- Provided material:
---

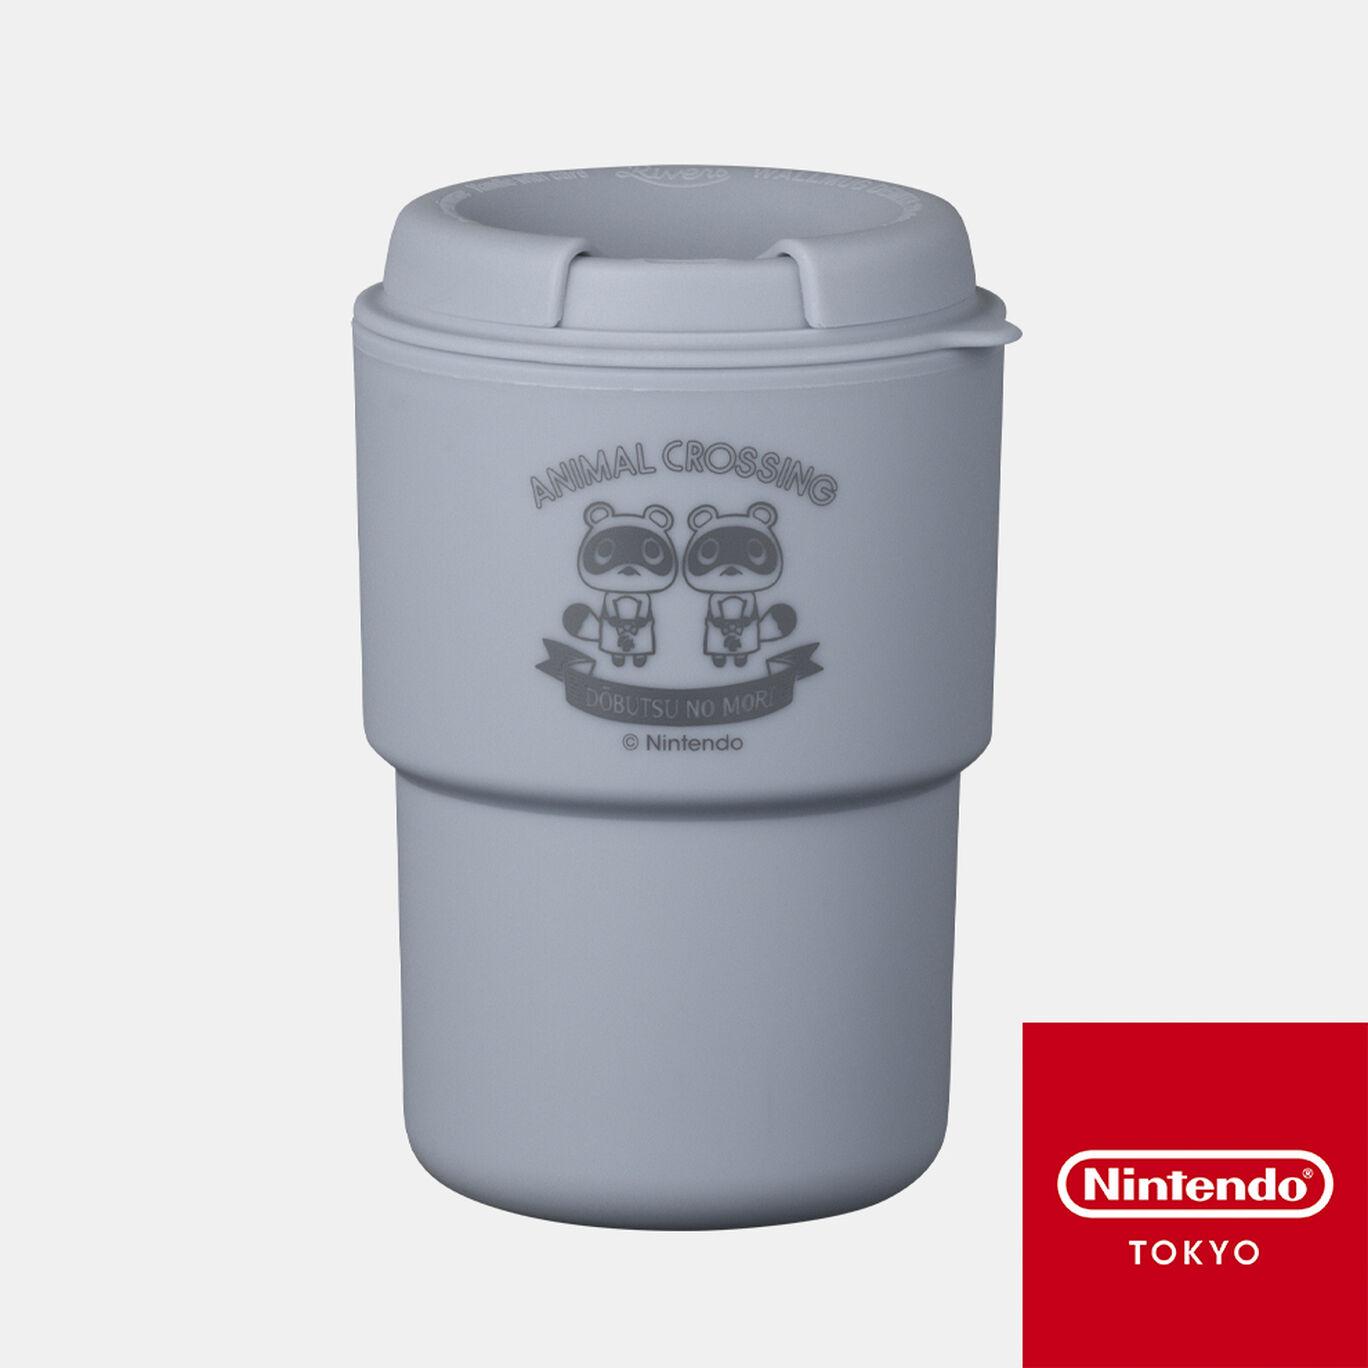 ウォールマグデミタ どうぶつの森 B【Nintendo TOKYO取り扱い商品】
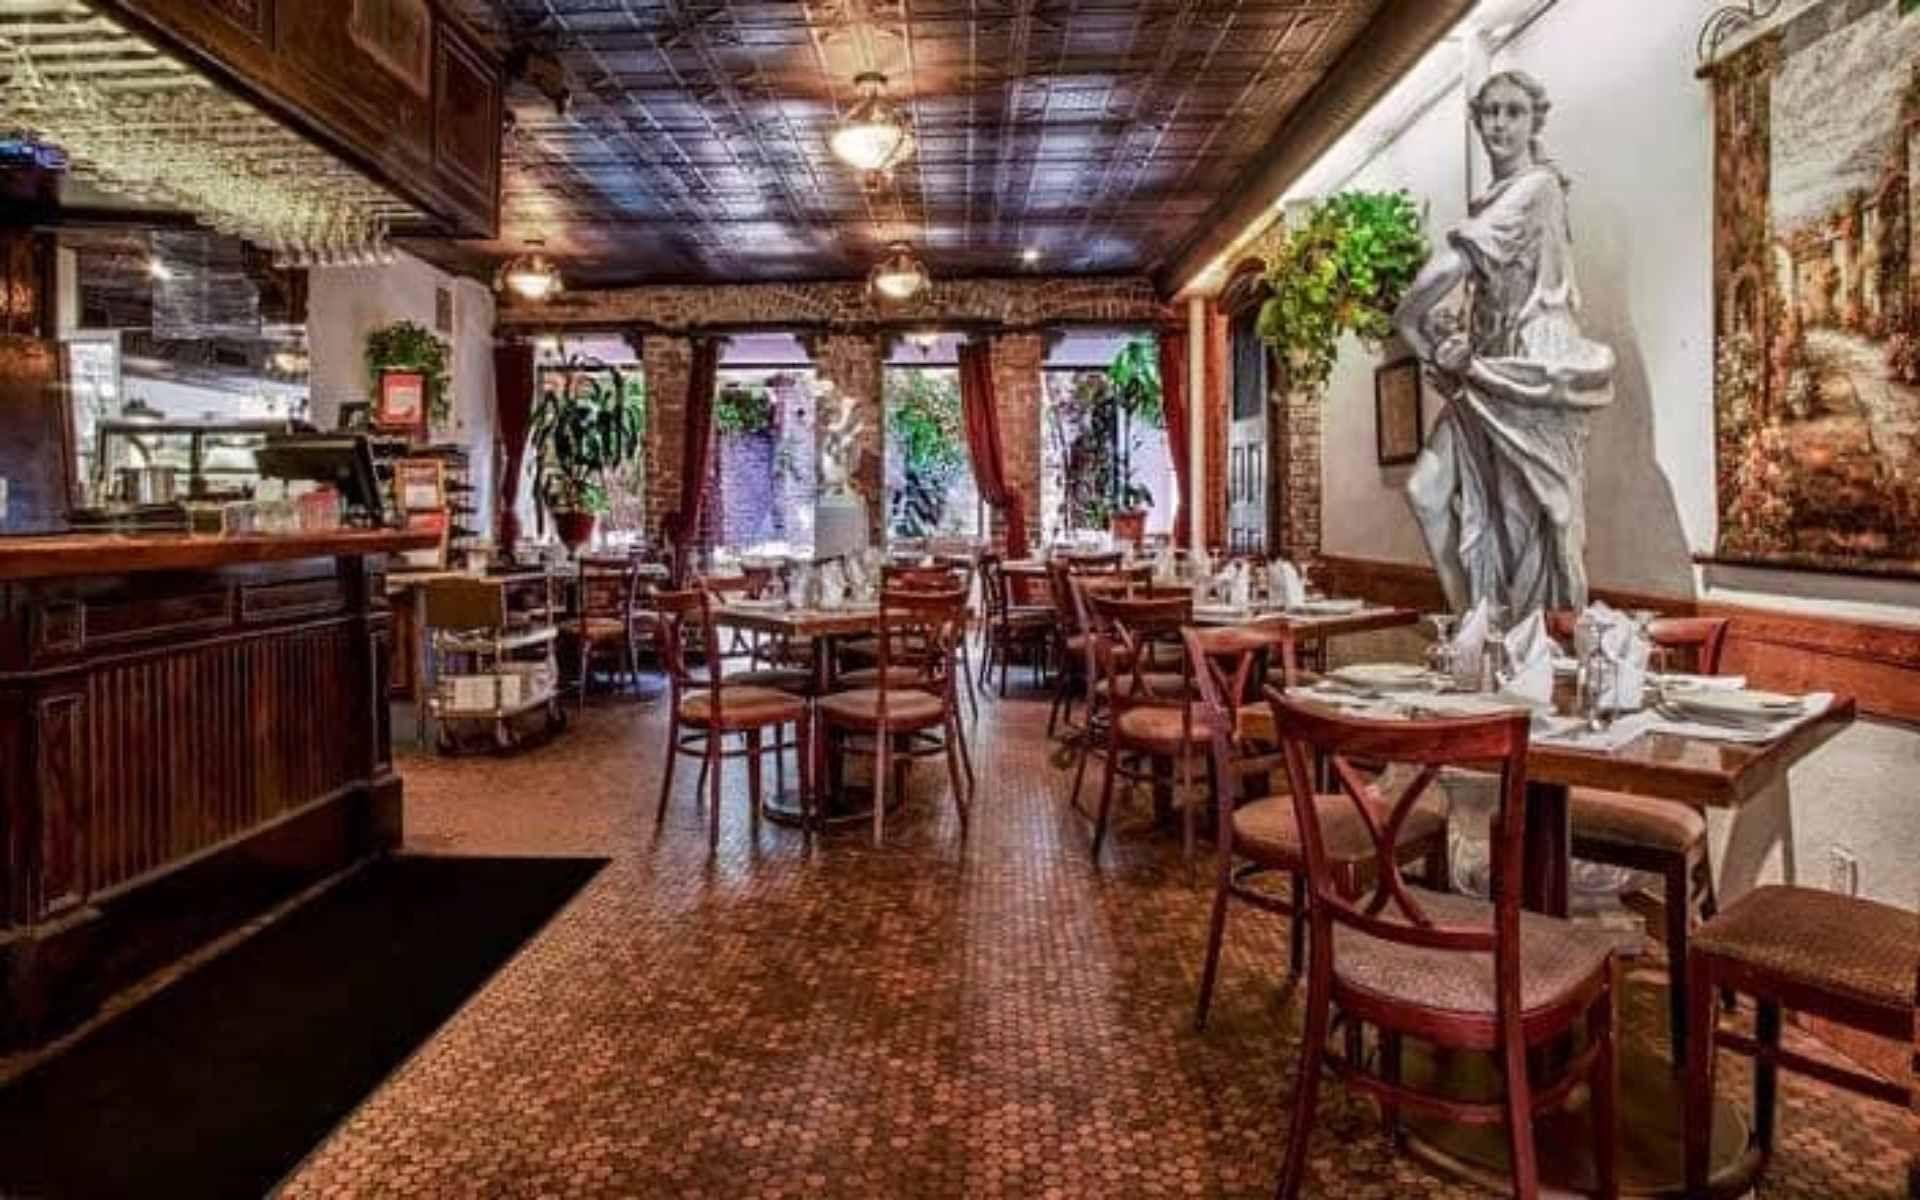 The Best Date Night Spots in Little Italy: idk tonight
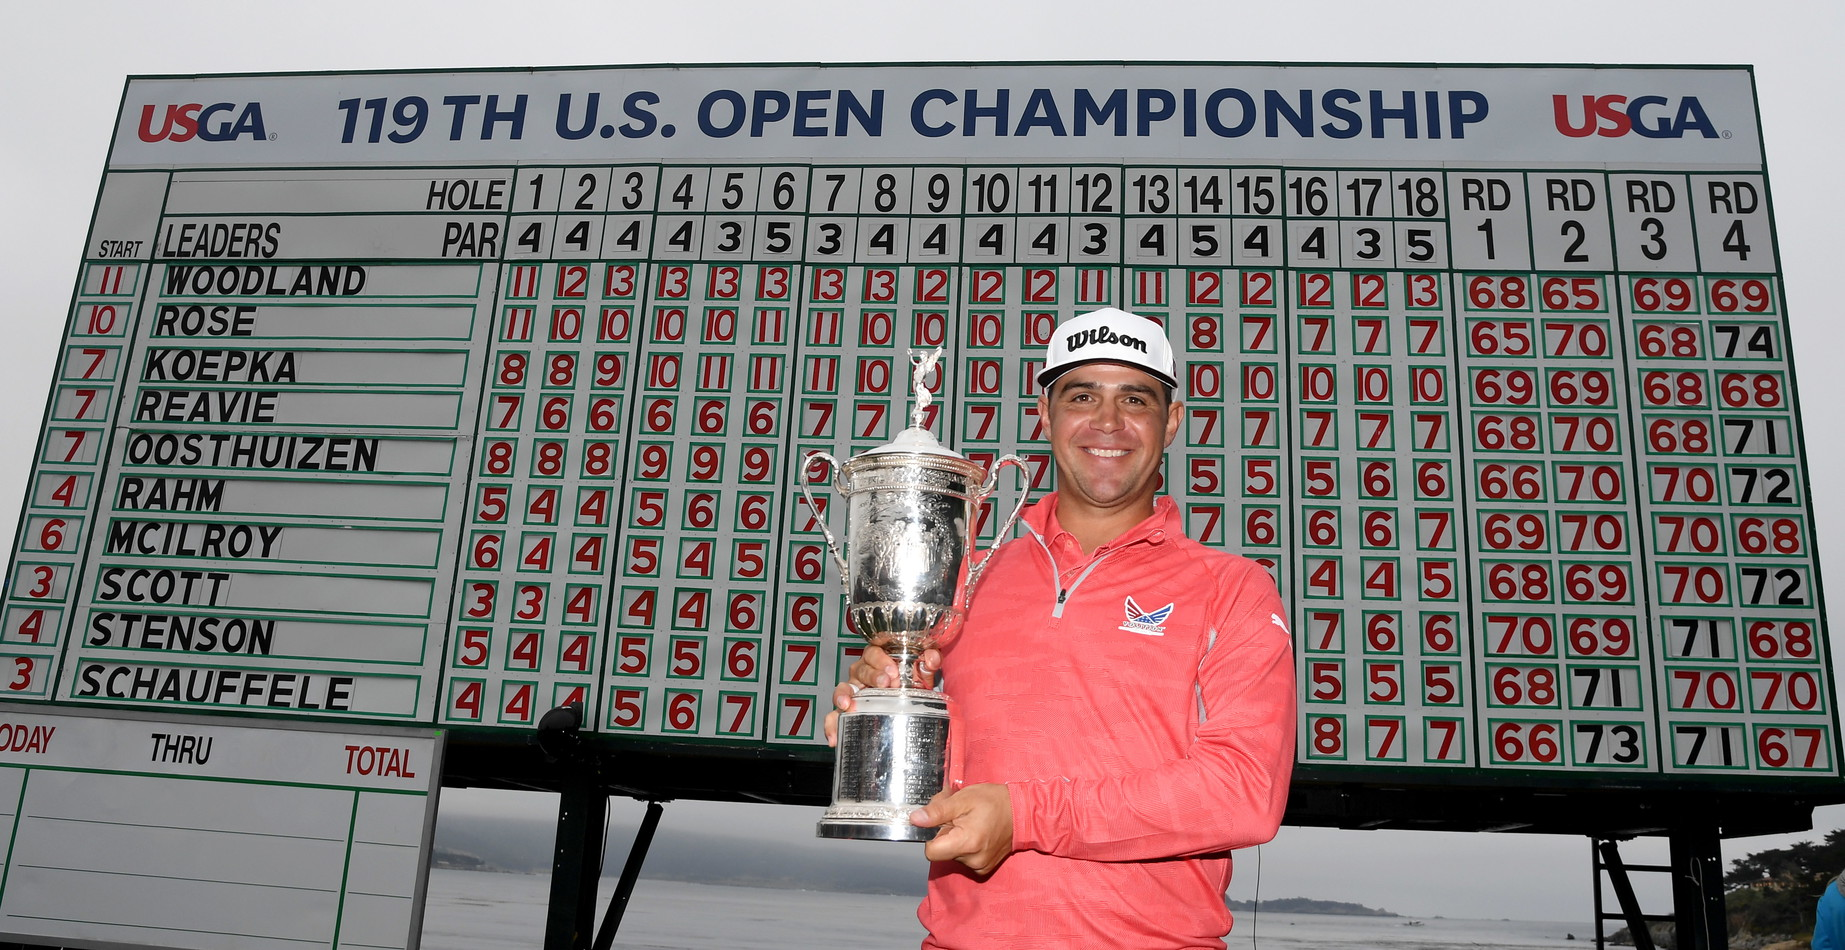 Us Open golf: Gary Woodland

---

- Task directions:
Starting with the line that contains "The Best Date", reproduce every line to the end of the material above, both end lines included, exactly and with no pictures.

- Exercise solution:
 The Best Date Night Spots in Little Italy: idk tonight
 Us Open golf: Gary Woodland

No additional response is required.